FABRÍCIO CARPINEJAR

Nossos laços

'Não tenho como explicar que os meus cadarços soltos são uma prova de amor.'

Por Da Redação
Publicado em 07 de agosto de 2021 | 03:00
 
 
Hélvio

Nunca vi um lugar em que tanta gente avisa que os seus tênis estão desamarrados. 

Mineiro realmente se preocupa com a possibilidade de que você tropece. É um socorrista do olhar. Leva em alta conta a prevenção nos passeios públicos. 

Situação que se agrava porque até hoje não amarro os cadarços. 

Quando saio na rua, pareço uma celebridade, a todo momento parado. Mas não é porque sou famoso, são meus pés que chamam atenção. 

 – Cuidado, vai cair! 

Tenho que me agachar e fingir que cruzei as pontas dos fios, para dispensar o auxílio do transeunte. Eu embaralho de qualquer jeito para continuar o meu trajeto. 

Mais 500 metros, enfrentarei nova interrupção, nova curiosidade, novo apelo, novo diálogo para evitar que beije o chão. 

Mineiro é um salva-vidas inato de sapatos. Talvez porque esteja acostumado com o corpo inclinado nas montanhas e ladeiras e preserve a experiência pessoal de que o tombo pode ser perigoso. 

Se eu tivesse aprendido a andar de bicicleta aqui, pensaria diferente. 

Mas venho de espaços planos e pampeanos, de linhas retas, não estou acostumado a prever as temeridades da altura. Nunca caí na fase adulta pisando em mim, piso apenas nos pés da minha esposa quando dançamos. 

Não tenho como explicar que os meus cadarços soltos são uma prova de amor. 

Sei costurar, sei colocar gravata, sei fazer tricô, e não sofreria nenhuma dificuldade de cruzar as linhas em igual direção. 

Eu mantenho um voto de lealdade e não o quebro por nada neste mundão. 

Na minha infância, eu sofria muito com o constrangimento dos nós desfeitos e invejava os irmãos que jamais tinham que repor as cordas. Ainda mais que jogava futebol e perdia muito tempo consertando o problema nas laterais do campo. 

Tudo se explicou quando vi o meu pai amarrando os seus tênis antes de sairmos para um passeio. Ele tampouco realizava a justaposição perfeita, enrolava como eu. Ou seja, os meus irmãos se valeram de outros mestres em seus percursos. 

Eu notei que havia sido educado por ele a despistar. Ele me repassou o que conhecia ou, melhor, o que desconhecia. 

Ele dividiu a sua sobrevivência, a sua malandragem comigo. O importante é que, mesmo não dominando o assunto, não deixou de me ensinar. Postou-se humildemente ao meu lado para propor o seu jeito de lidar com a vida, a sua sabedoria alternativa e leiga. 

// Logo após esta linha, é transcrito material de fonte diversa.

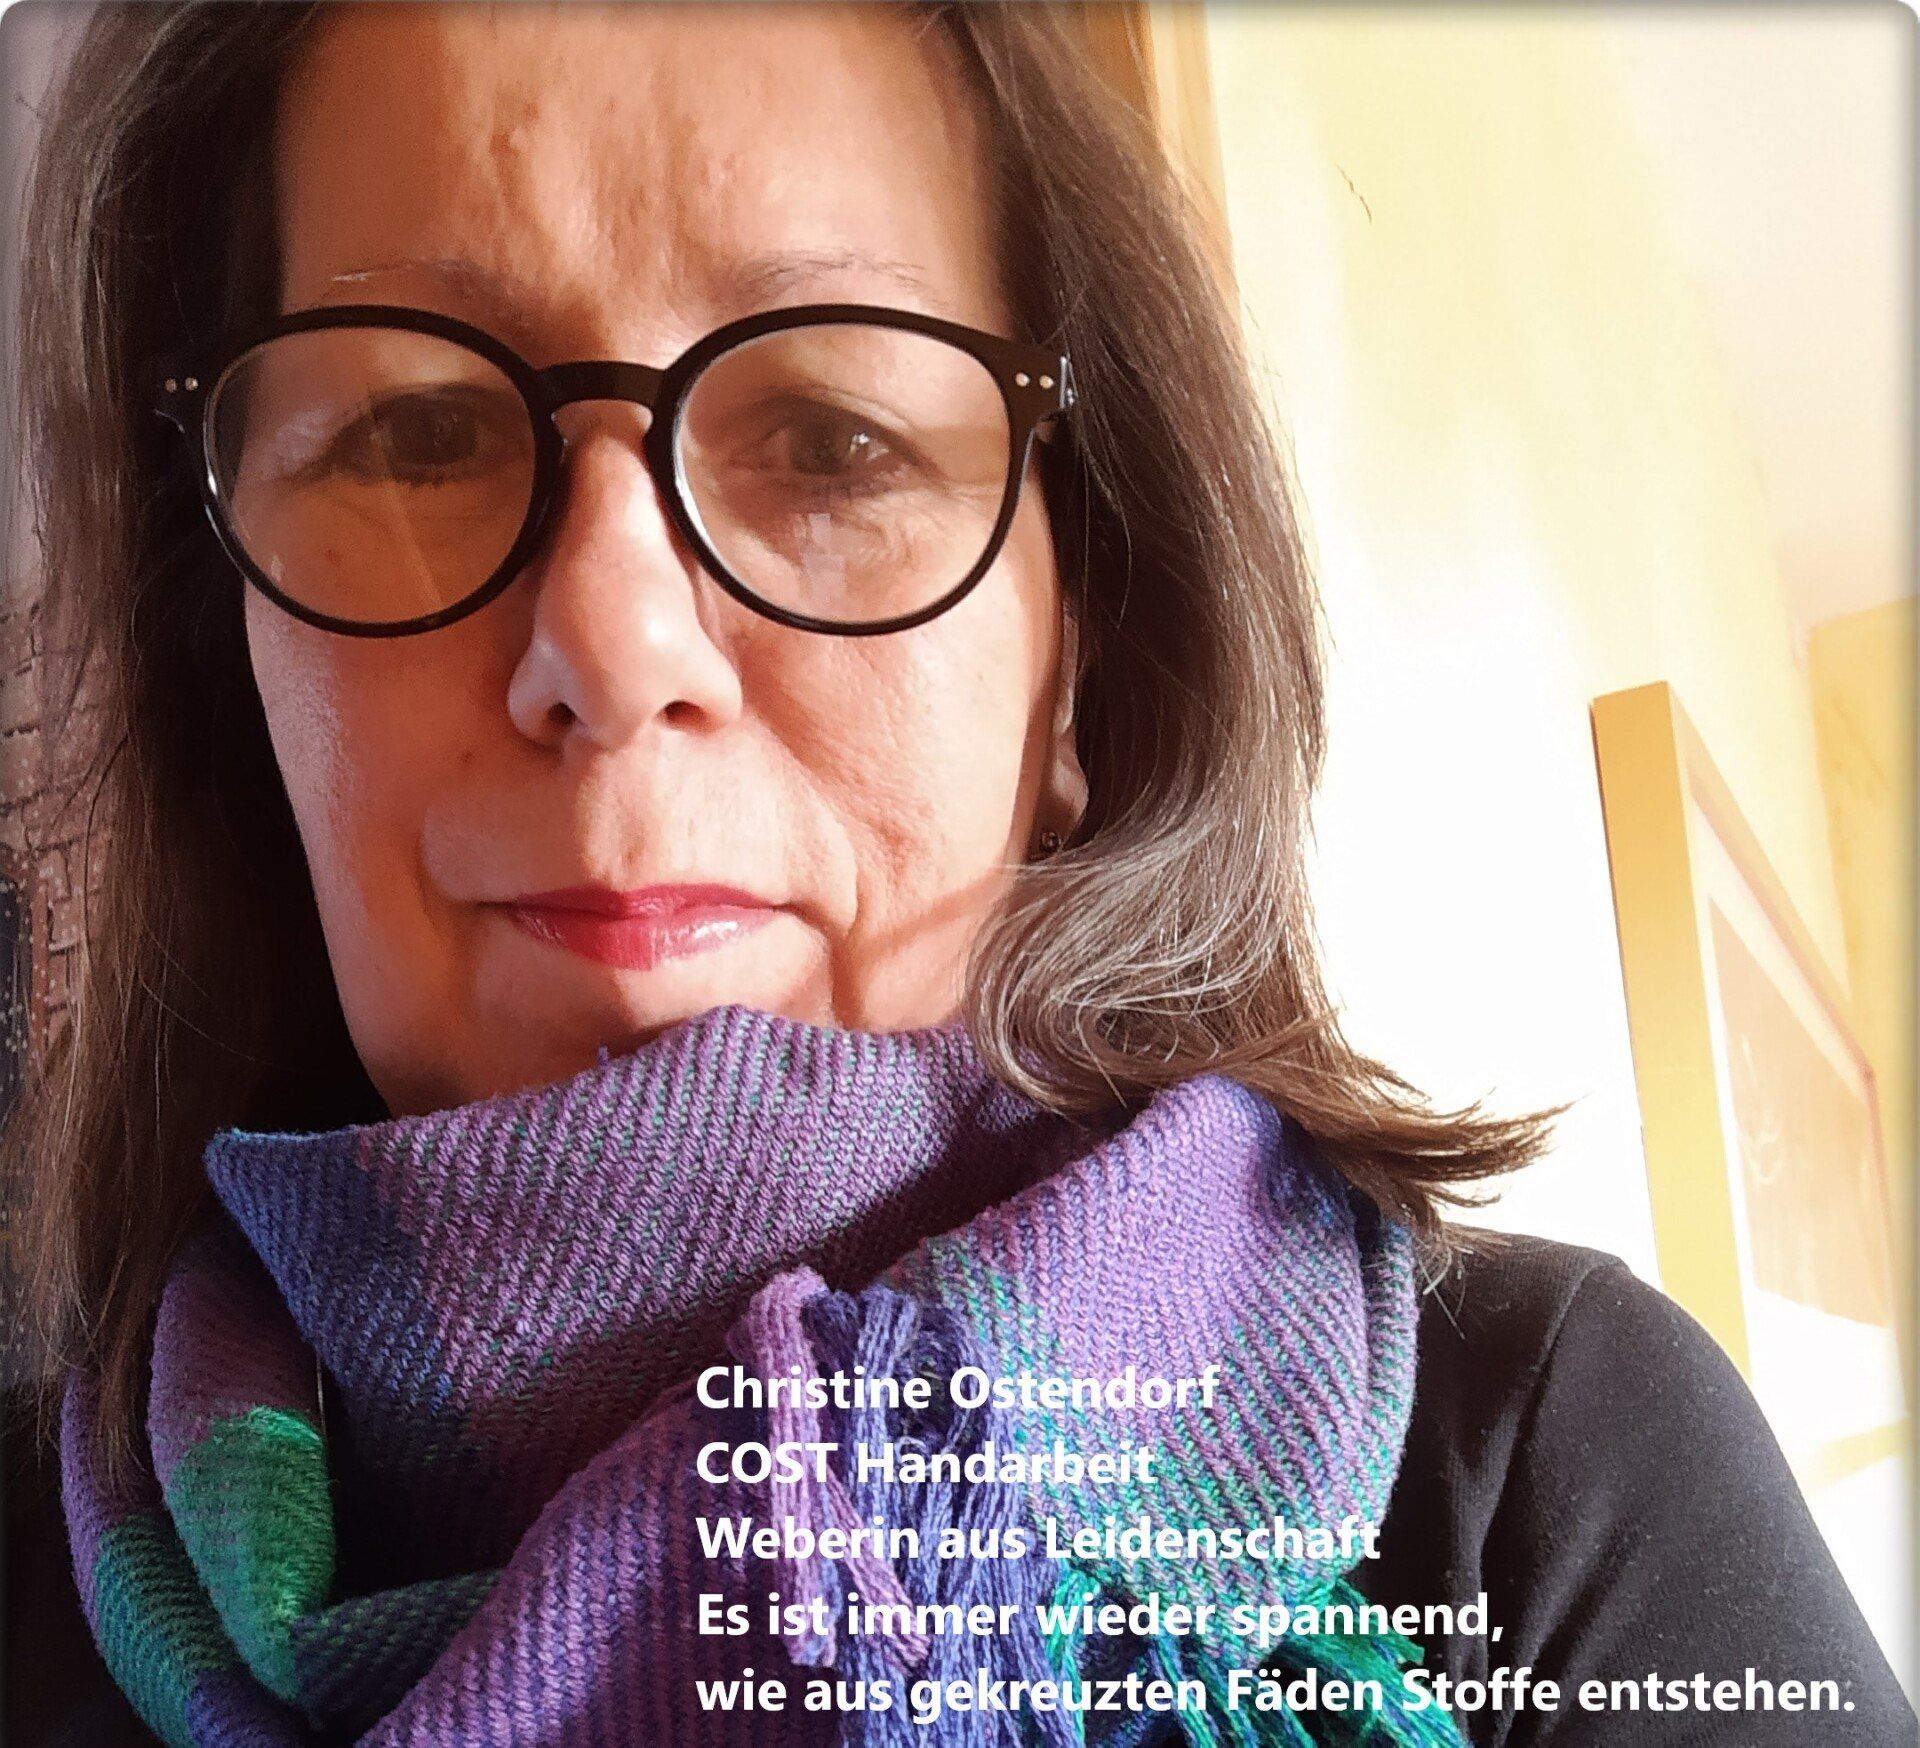 Christine Ostendorfs #12von12 im Oktober 2022: Weben macht glücklich!

 Desde pequeno, mantenho essa ligação. Eu não o corrigi, ele não me corrigiu, não nos corrigimos, como um hábito sagrado que nos une e não precisa ser reparado. 

 Há quem se orgulhe de herdar as virtudes do pai, eu também me envaideço de prolongar os seus defeitos. 

Nossa cumplicidade é maior porque corremos contra a maré. 

Somos os únicos da família com os caminhos tortos, escoteiros e marinheiros colegas da escola de tropeços. 

Aos 82 anos, ele não amarra os seus cadarços. Aos 48 anos, eu não amarro os meus cadarços. Estamos amarrados no mesmo destino. Quando ele se ajoelha, eu imagino que estou me ajoelhando junto. 

É uma forma de rezar a nossa amizade para sempre. É um segredo só nosso. Um laço só nosso.